3G networks brought us higher-speed transmissions, multimedia access and global roaming. In other words, wireless phones could stay connected in more places and over greater distances.

4G has introduced new apps and services as connectivity to the Internet has become faster and cheaper. 4G has allowed us to send data, surf the Internet, watch, post and send videos, listen to live streamed music, access social media and many other applications on our smartphones.

5G will be a game changer in wireless telecommunications, ushering in a network for future generations with more devices, faster communication, and higher speeds.

"Imagine it's Canada Day," says Doris Camire, a director of research with the CRC. "Everybody is downtown for the festivities on Parliament Hill, and they want to use their cell phones to send pictures or videos, and FaceTime with friends and family. That requires a lot of data. Everyone is trying to connect at the same time, but you can't get a signal because there is not enough capacity in the network."

5G will address that through advances in three important areas: connectivity, latency and bandwidth.  

Connectivity refers to the number of devices that can communicate with each other. There are already more than five billion devices making us more connected than ever. But by 2020 that number is expected to reach 50 to 100 billion devices worldwide. Today's devices – smartphones, for example – are mainly used by people communicating with other people. With 5G, devices and machines will increasingly talk directly to each other. This is known as the Internet of Things, which refers to the connection of objects to the Internet and to each other.  A good existing example of this is the thermostat for your house or cottage connected to WiFi so that you can adjust the heat or the air conditioning even when you aren't physically there.  

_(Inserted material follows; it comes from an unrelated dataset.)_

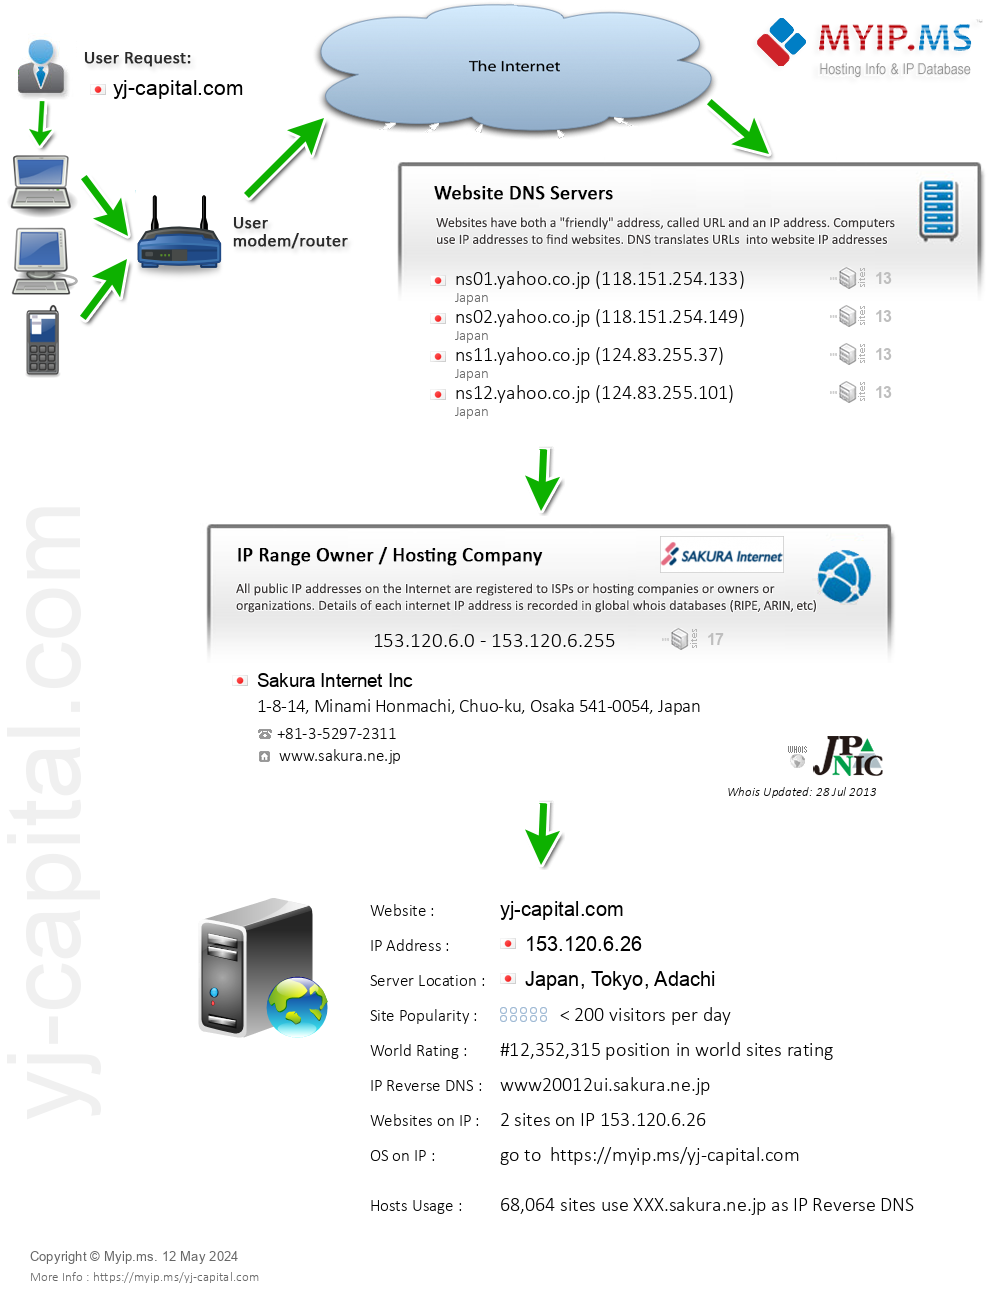 Yj-capital.com - Website Hosting Visual IP Diagram
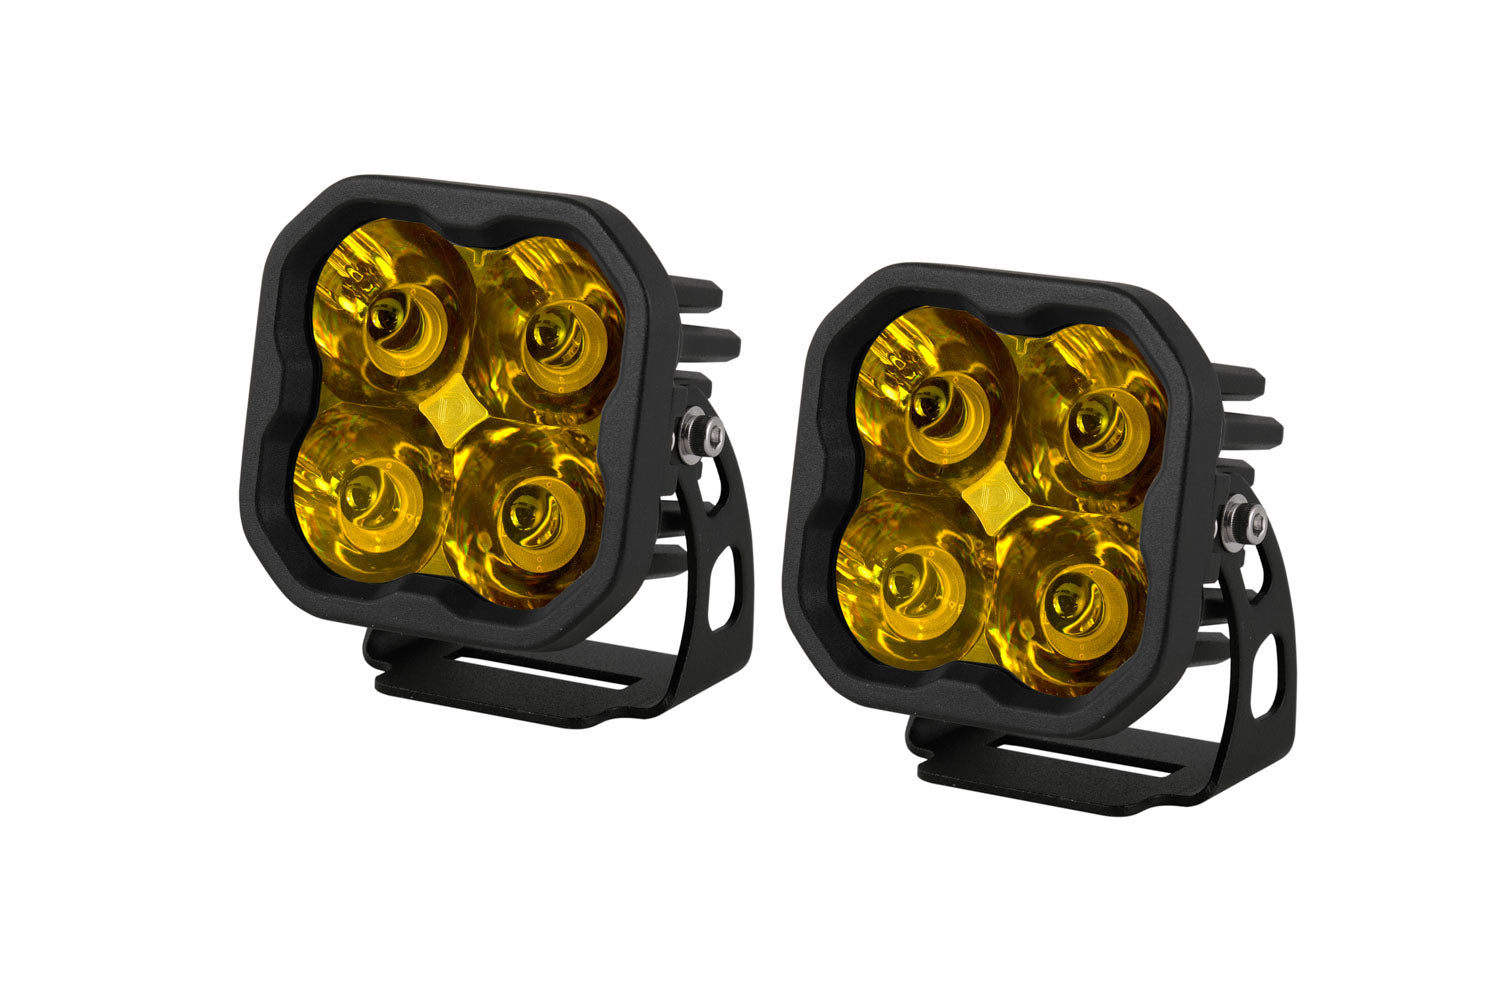 Diode Dynamics SS3 Sport Backlit LED Pod Lights

Latency or response time refers to how long it takes for one device to send a package of information to another across the network – the time it takes between sending and receiving. With 4G, latency is about 50 milliseconds. To understand how fast that is, the average blink of an eye takes 0.1 to 0.4 seconds, or 100 to 400 milliseconds. 5G will reduce how long it takes to send information via wireless transmission to about one millisecond, or one thousandth of a second.

To understand why this is important, consider driverless cars. They will need this fast response time to make literally split-second decisions. For example, you could be cruising along the highway in your driverless car when just up ahead, an accident occurs. 5G sensors along the road would instantly transmit that information to your car, which would transmit to the car behind you, and so on, alerting each car to the danger ahead and potentially avoiding another accident or a multi-vehicle pileup.

More Bandwidth for 5G will allow very high downloading speeds for new applications such as 3D 360-degree-view video streaming. The classroom experience will be transformed, more realistic, immersive and interactive because headsets will be mobile, not plugged in to a computer. Learning a new language will take place by conversing with fellow students within virtual settings. History will be studied by virtually wandering the streets of an ancient civilisation.

5G will be an entirely new, flexible network that will interface with all existing and evolving generations of wireless technology to come. It will be faster, more flexible and will allow billions of new devices to be connected to each other. The CRC's Grand Challenges research projects, on understanding how spectrum is used, enabling smarter and more innovative means to access existing spectrum resources, and expanding our wireless capacity will help Canada be a world leader in 5G.